The history of randomized clinical trials may be traced back to the biometricians’ work and it seems to be a good example of ‘applied statistics’. On the one hand there was a direct lineage from Pearson to Bradford Hill via Fisher and Major Greenwood… On the other hand, it is not too difficult to argue for conceptual legacy, since the basic concepts grounding the choice of randomisation can be traced back to RA Fisher's work. ³

[Karl] Pearson's statistical methods provided the framework for Austin Bradford Hill's work on the randomised clinical trial (pp. viii–ix) and constituted a seminal statistical idea. ⁴

The conceptualization of clinical trials as ‘a seminal statistical idea’ which ‘can be traced back to RA Fisher's work’ has not been demonstrated by these writers or by others.
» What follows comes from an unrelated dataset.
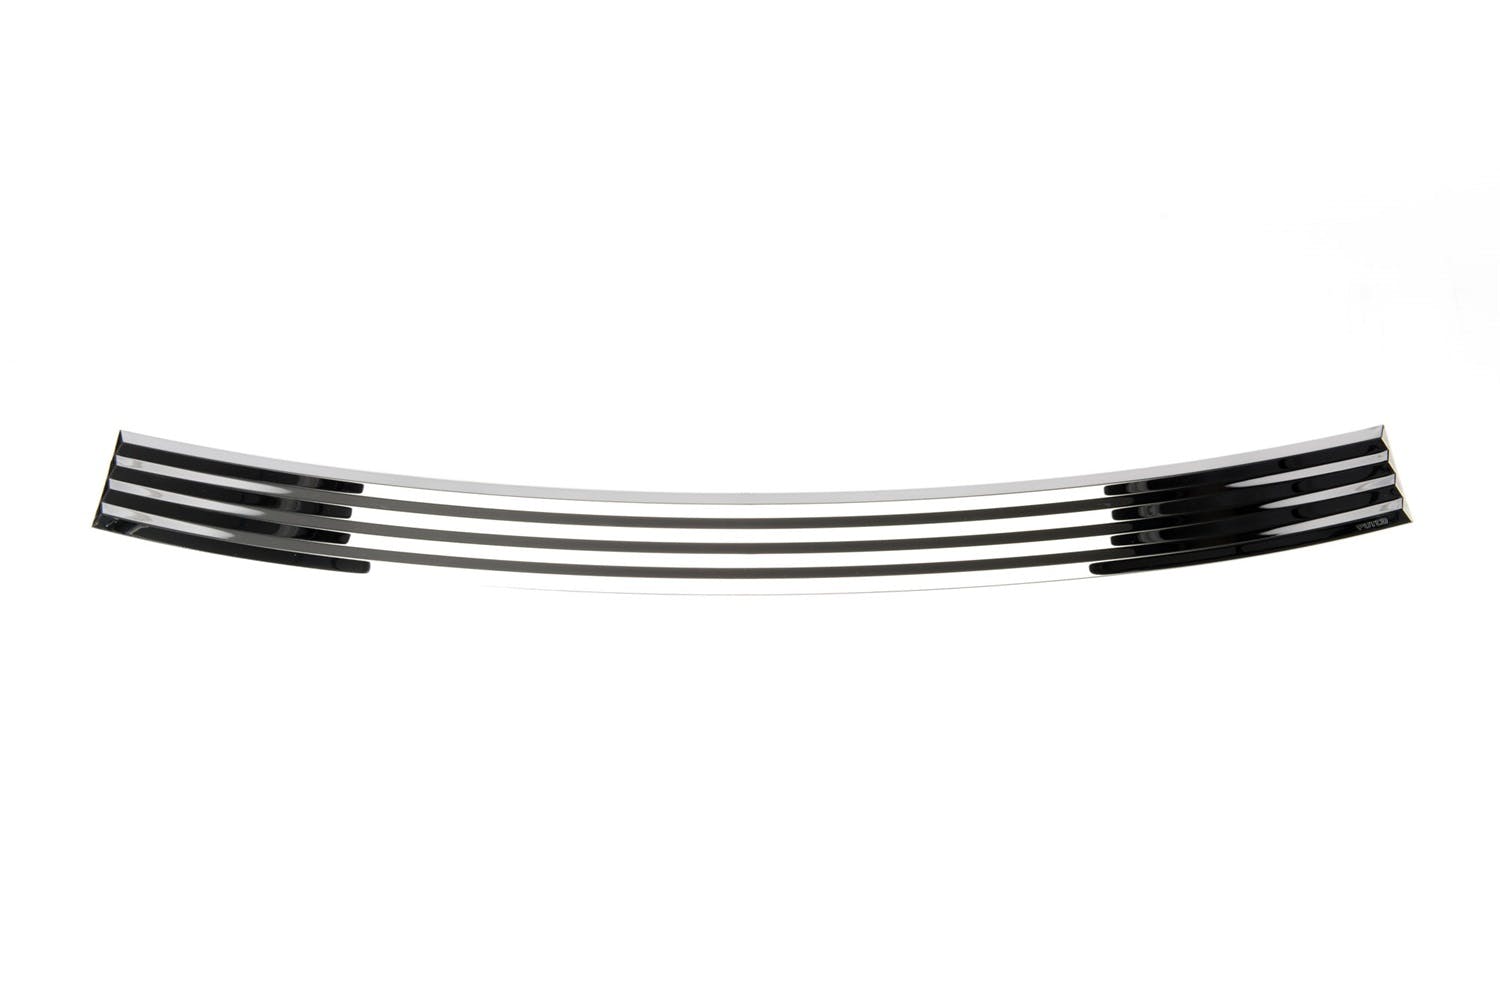 Putco 94100 Stainless Steel Bumper Covers
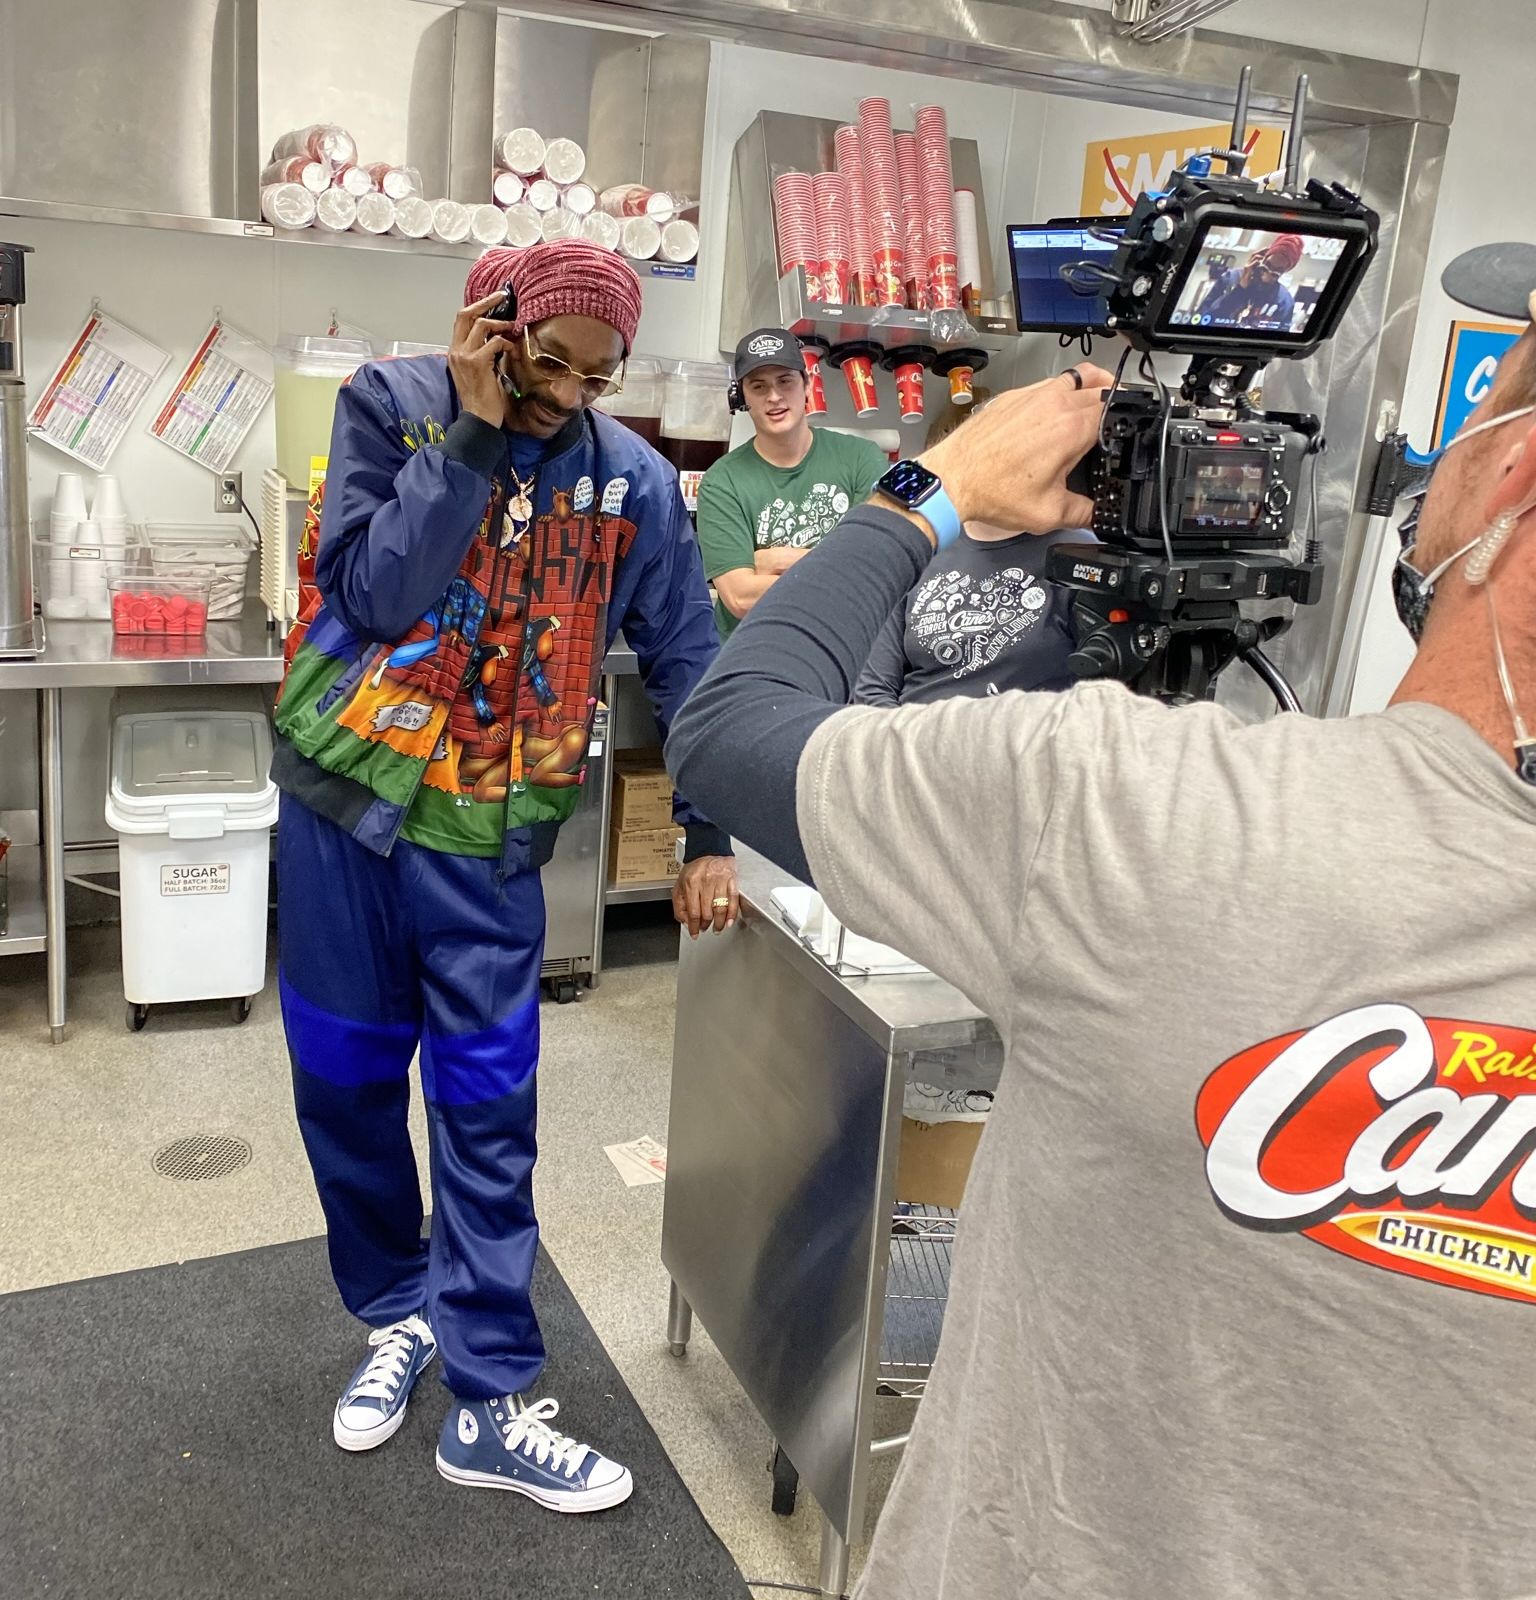 Snoop Dogg Surprises Raising Cane's Customers in the Drive-Thru

The early history of clinical trials has little to do with statistical theory and much more to do with the more fundamental and less technical concept of a fair – that is, unbiased – test.^5–11

The need to ‘compare like with like’ in fair tests of treatments has been recognized by some people for a long time, and not only by physicians. In a letter to Boccacio written in 1364, Petrarch wrote:
I solemnly affirm and believe, if a hundred or a thousand men of the same age, same temperament and habits, together with the same surroundings, were attacked at the same time by the same disease, that if one half followed the prescriptions of the doctors of the variety of those practising at the present day, and that the other half took no medicine but relied on Nature's instincts, I have no doubt as to which half would escape. ¹²

When quantitative methods began to be used at the beginning of the 18th century to assess the effects of variolation authors of the comparisons were sometimes reminded of the need to ensure that like was being compared with like. Thus Massey, challenging the interpretation of comparisons of mortality following variolation and after natural smallpox, wrote:
…to form a just Comparison, and calculate right in this Case, the Circumstances of the Patients, must and ought to be as near as may be on a Par. ¹³

Several reports of prospective experiments were published during the 18th century. In the most celebrated of these James Lind notes that, apart from the treatments, the 12 patients he studied were otherwise similar: ‘They all in general had putrid gums, the spots and lassitude, with weakness of their knees. They lay together in one place, being a proper apartment for the sick in the fore-hold; and had one diet common to all.’¹⁴ Lind does not tell us how he allocated his 12 patients to each of the six treatments he compared, but had he cast lots or used alternation or rotation it would not have been inconsistent with the use of these devices to make fair decisions in other contexts.¹⁵

At the beginning of the 19th century, Alexander Hamilton reported having used alternation to generate parallel comparison groups in a clinical trial of bloodletting done by him and two surgeon colleagues.¹⁶ He described how sick soldiers had been ‘admitted, alternately [my emphasis], in such a manner that each of us had one third of the whole’, and that ‘the sick were indiscriminately received’, and ‘attended as nearly as possible with the same care and accommodated with the same comforts’.¹⁶ Although his report leaves several uncertainties,¹⁷ it seems reasonable to speculate that he described the use of alternation to show that an effort had been made to generate comparable treatment groups.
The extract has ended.